J Biomed Biotechnol. 2012;2012:417675. doi: 10.1155/2012/417675. Epub 2012 Oct 14.
Takashi Oda,1 Nobuyuki Yoshizawa,2 Kazuo Yamakami,3 Yutaka Sakurai,3 Hanako Takechi,1
Kojiro Yamamoto,1 Naoki Oshima,1 and Hiroo Kumagai1
1Department of Nephrology, National Defense Medical College, 3-2 Namiki, Tokorozawa-shi, Saitama 359-8513, Japan
2Hemodialysis Unit, Himawari Clinic, Tokyo 196-0015, Japan
3Department of Preventive Medicine and Public Health, National Defense Medical College, Saiatama 359-8513, Japan
It is well known that glomerulonephritis can occur after streptococcal infection, which is classically referred to as acute poststreptococcal glomerulonephritis (APSGN). The pathogenic mechanism of APSGN has been described by so-called immune complex theory, which involves glomerular deposition of nephritogenic streptococcal antigen and subsequent formation of immune complexes in situ and/or the deposition of circulating antigen-antibody complexes. However, the exact entity of the causative antigen has remained a matter of debate. We isolated a nephritogenic antigen for APSGN from the cytoplasmic fractions of group A streptococcus (GAS) depending on the affinity for IgG of APSGN patients.

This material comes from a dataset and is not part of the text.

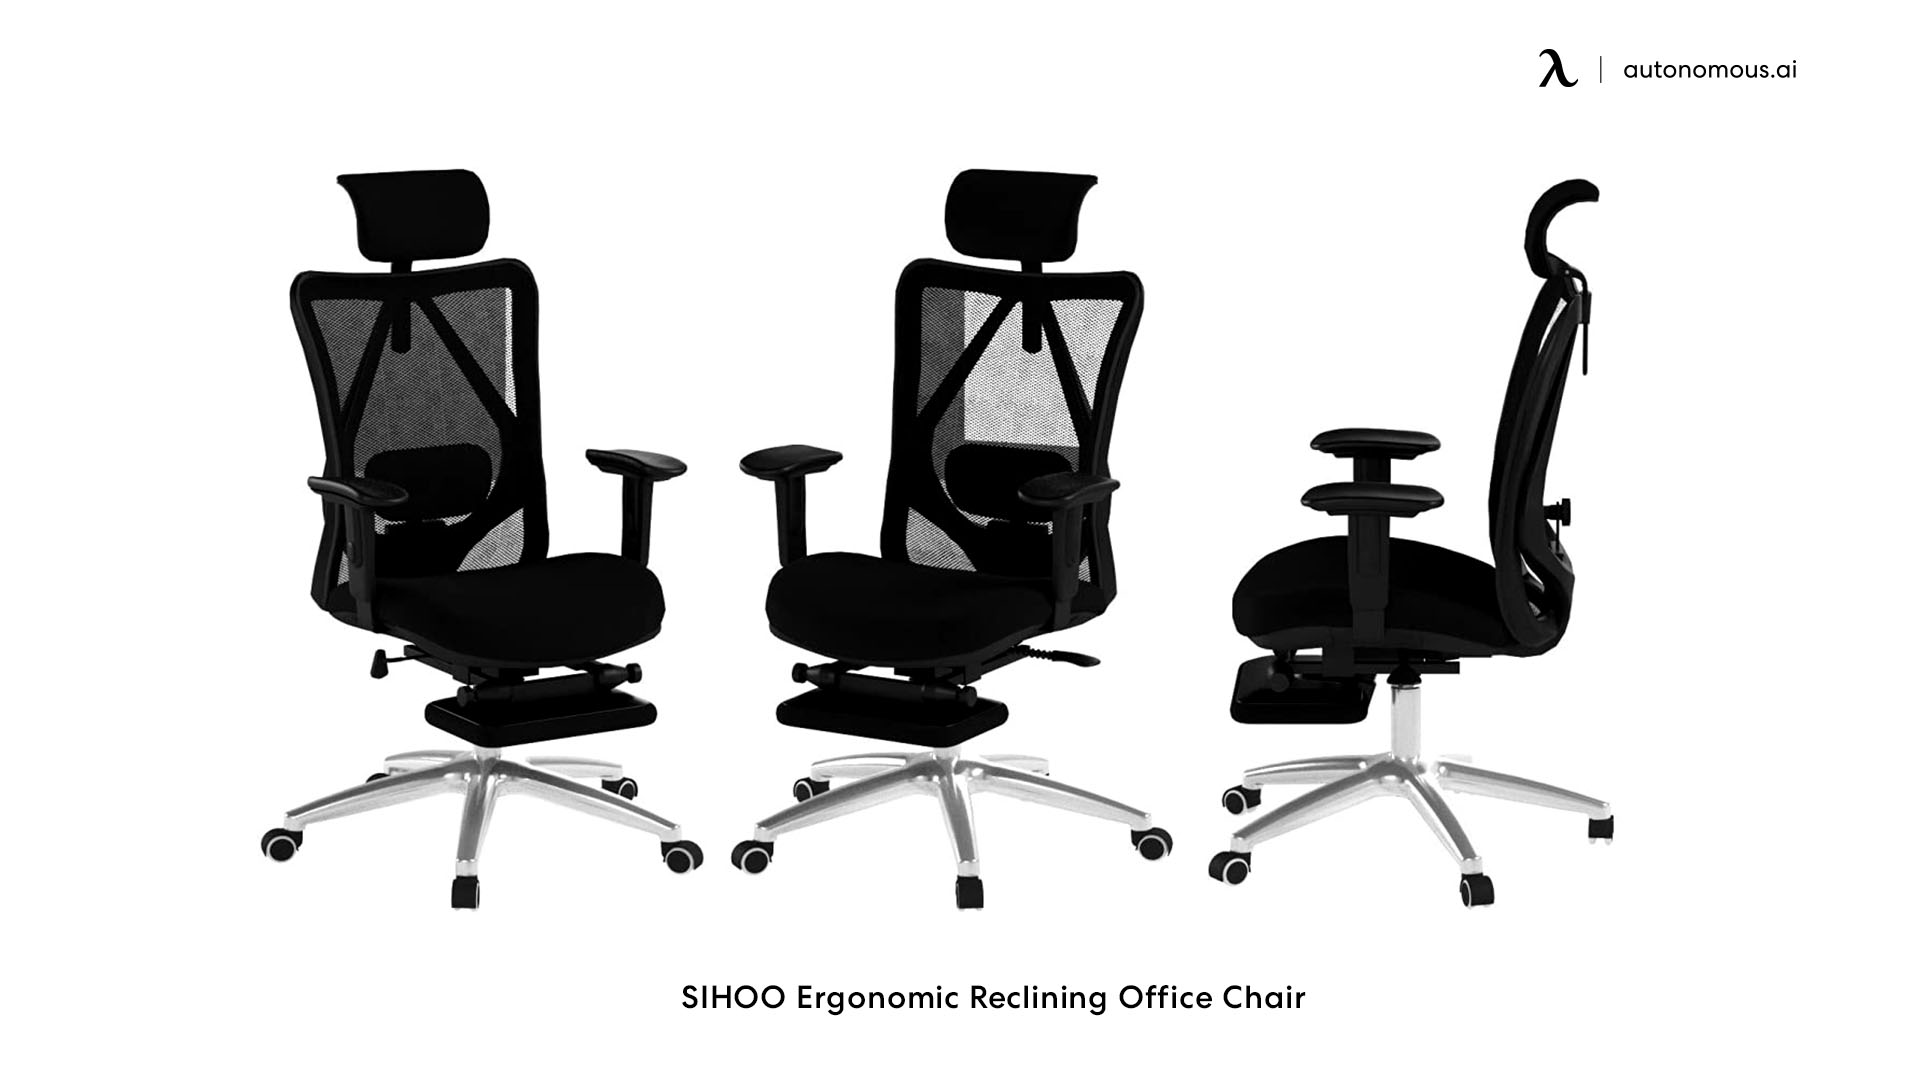 SIHOO colored desk chairs

The amino acid and the nucleotide sequences of the isolated protein revealed to be highly identical to those of reported plasmin(ogen) receptor of GAS. Thus, we termed this antigen nephritis-associated plasmin receptor (NAPlr). Immunofluorescence staining of the renal biopsy tissues with anti-NAPlr antibody revealed glomerular NAPlr deposition in essentially all patients with early-phase APSGN. Furthermore, glomerular plasmin activity was detected by in situ zymography in the distribution almost identical to NAPlr deposition in renal biopsy tissues of APSGN patients. These data suggest that NAPlr has a direct, nonimmunologic function as a plasmin receptor and may contribute to the pathogenesis of APSGN by maintaining plasmin activity.